Items from a dataset:
- - - - - - -
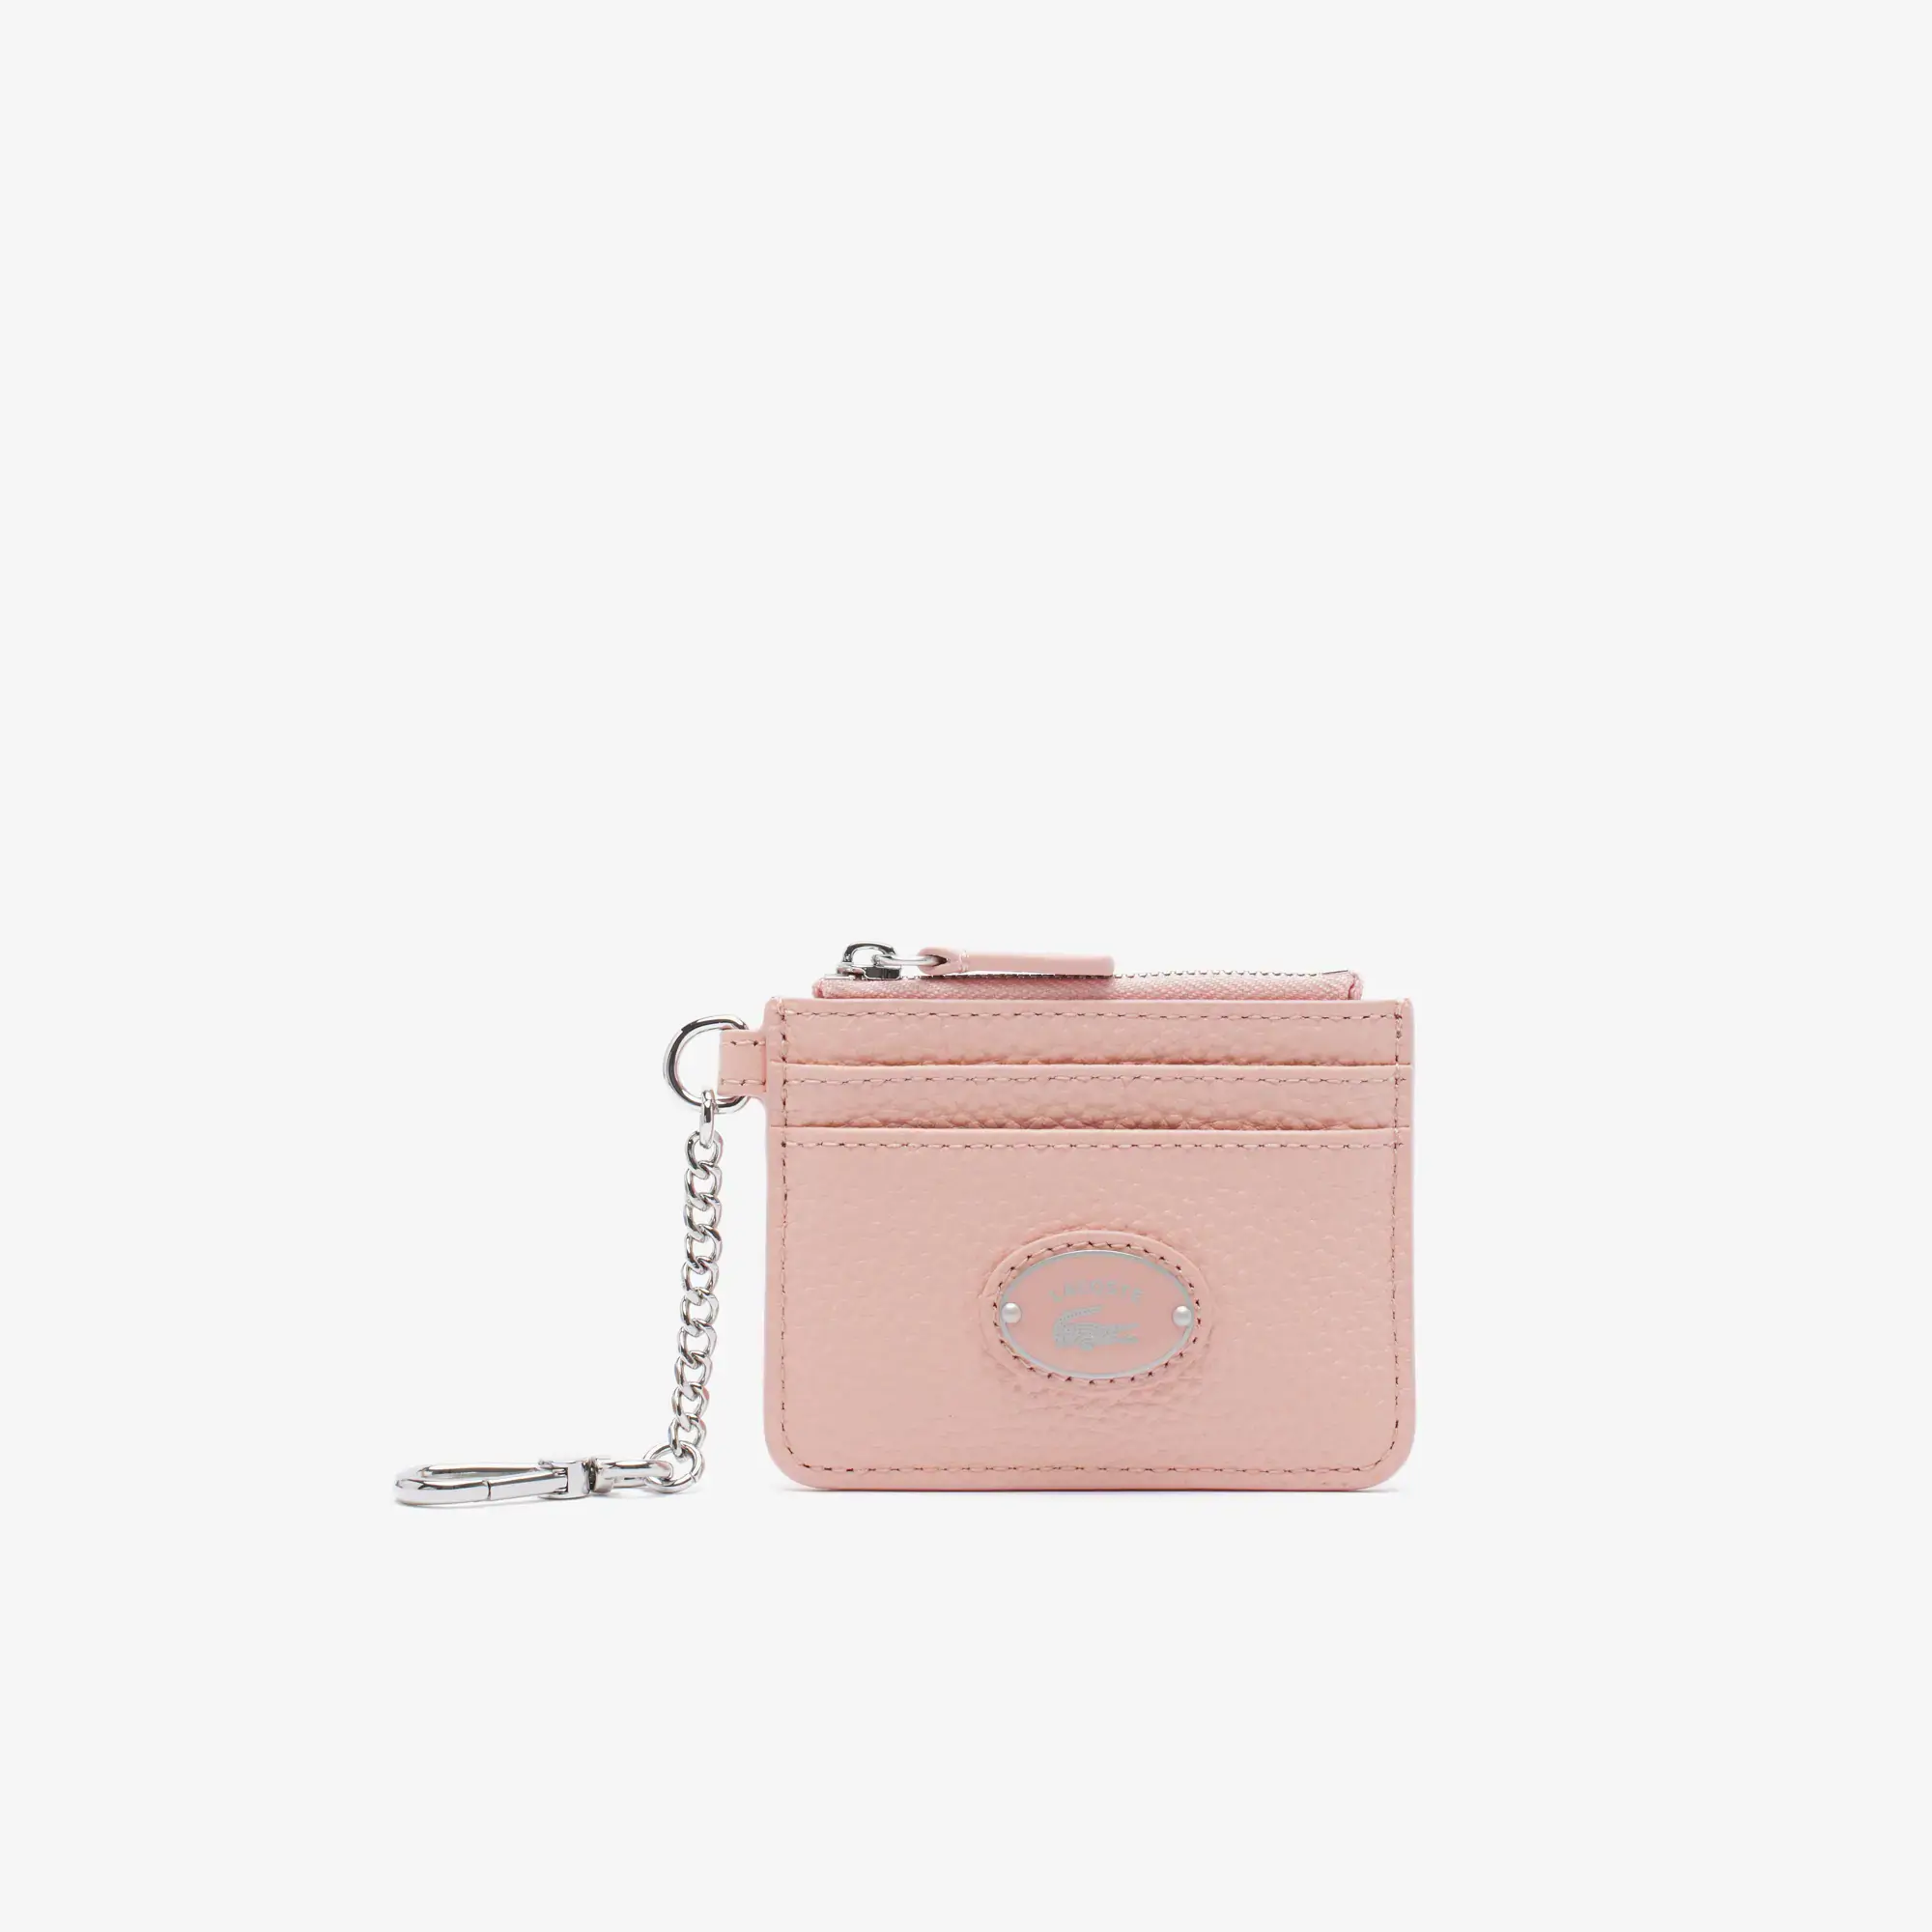 Lacoste Women's Snap Hook Grained Leather Card Holder. 1
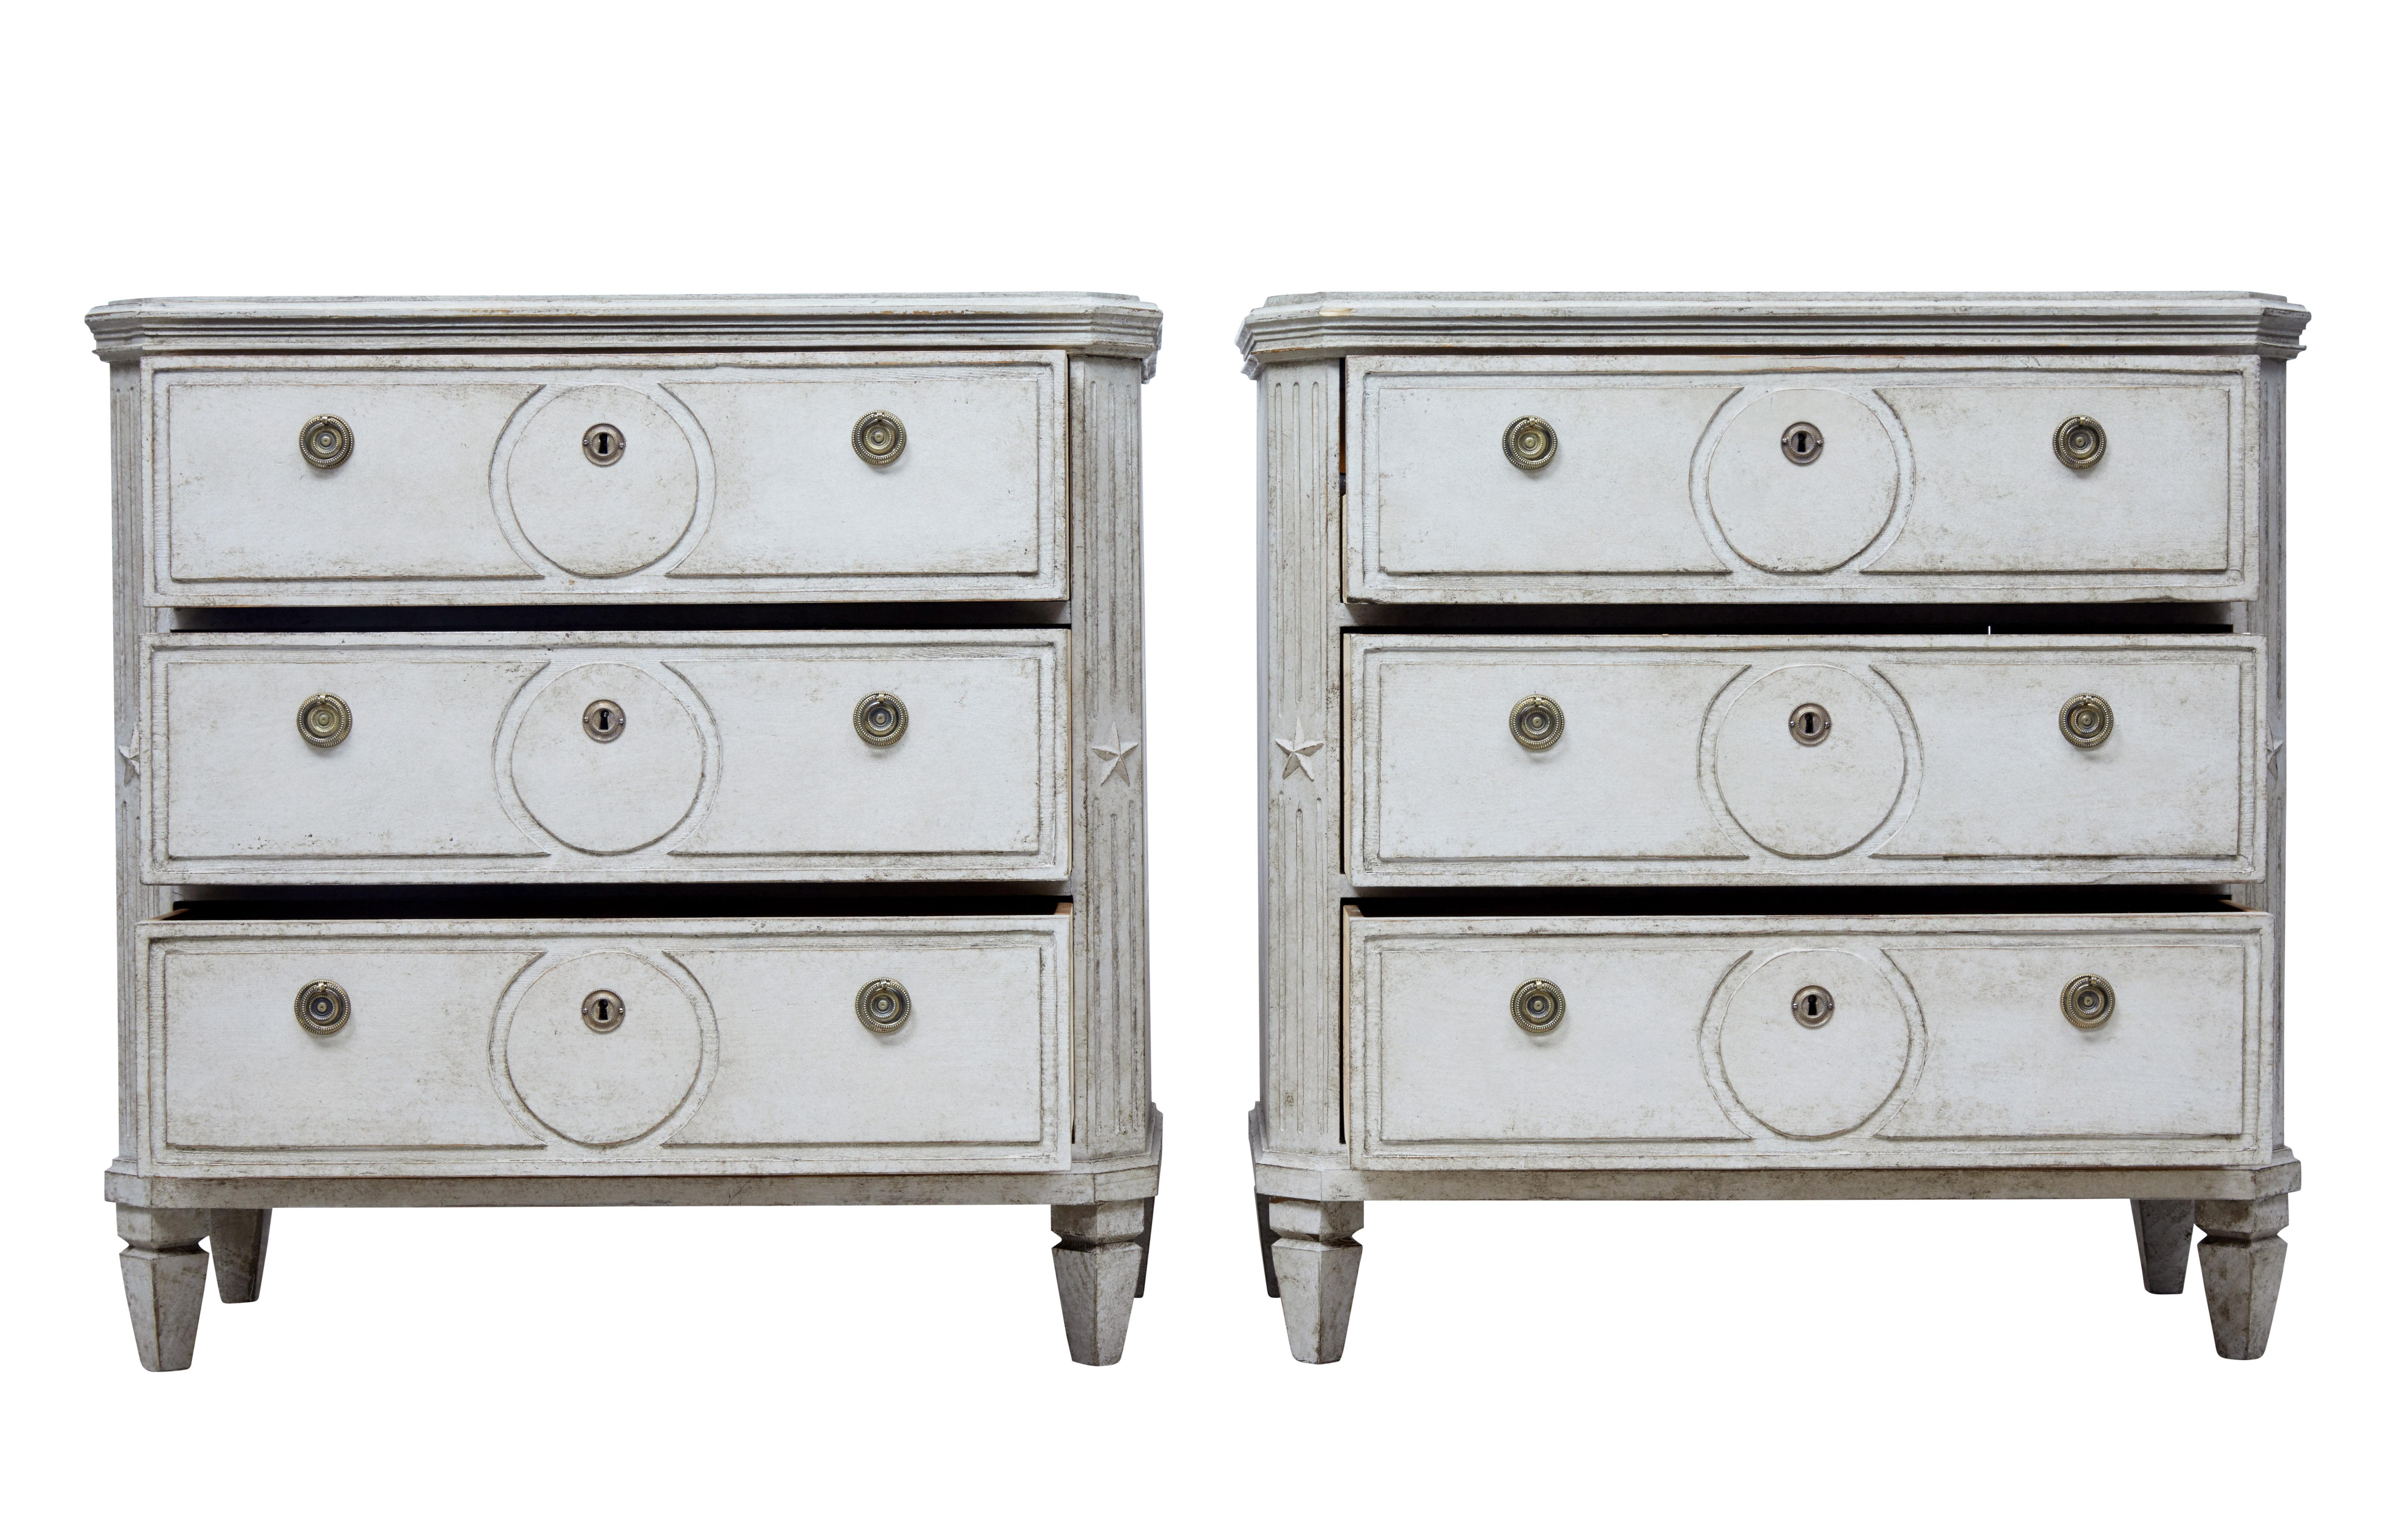 Good quality pair of chest of drawers, circa 1870.

3-drawer chests with channelled detailing on the drawer fronts. Canted corners with applied star motif.

On one chest of drawers the top drawer opens to reveal 2 fitted drawers.

Later paint
- - - - - - -
## Problem statement
Set down all of the entries exactly as they stand, without any image.

## Solution below
 Lacoste Women's Snap Hook Grained Leather Card Holder. 1
 Good quality pair of chest of drawers, circa 1870.

3-drawer chests with channelled detailing on the drawer fronts. Canted corners with applied star motif.

On one chest of drawers the top drawer opens to reveal 2 fitted drawers.

Later paint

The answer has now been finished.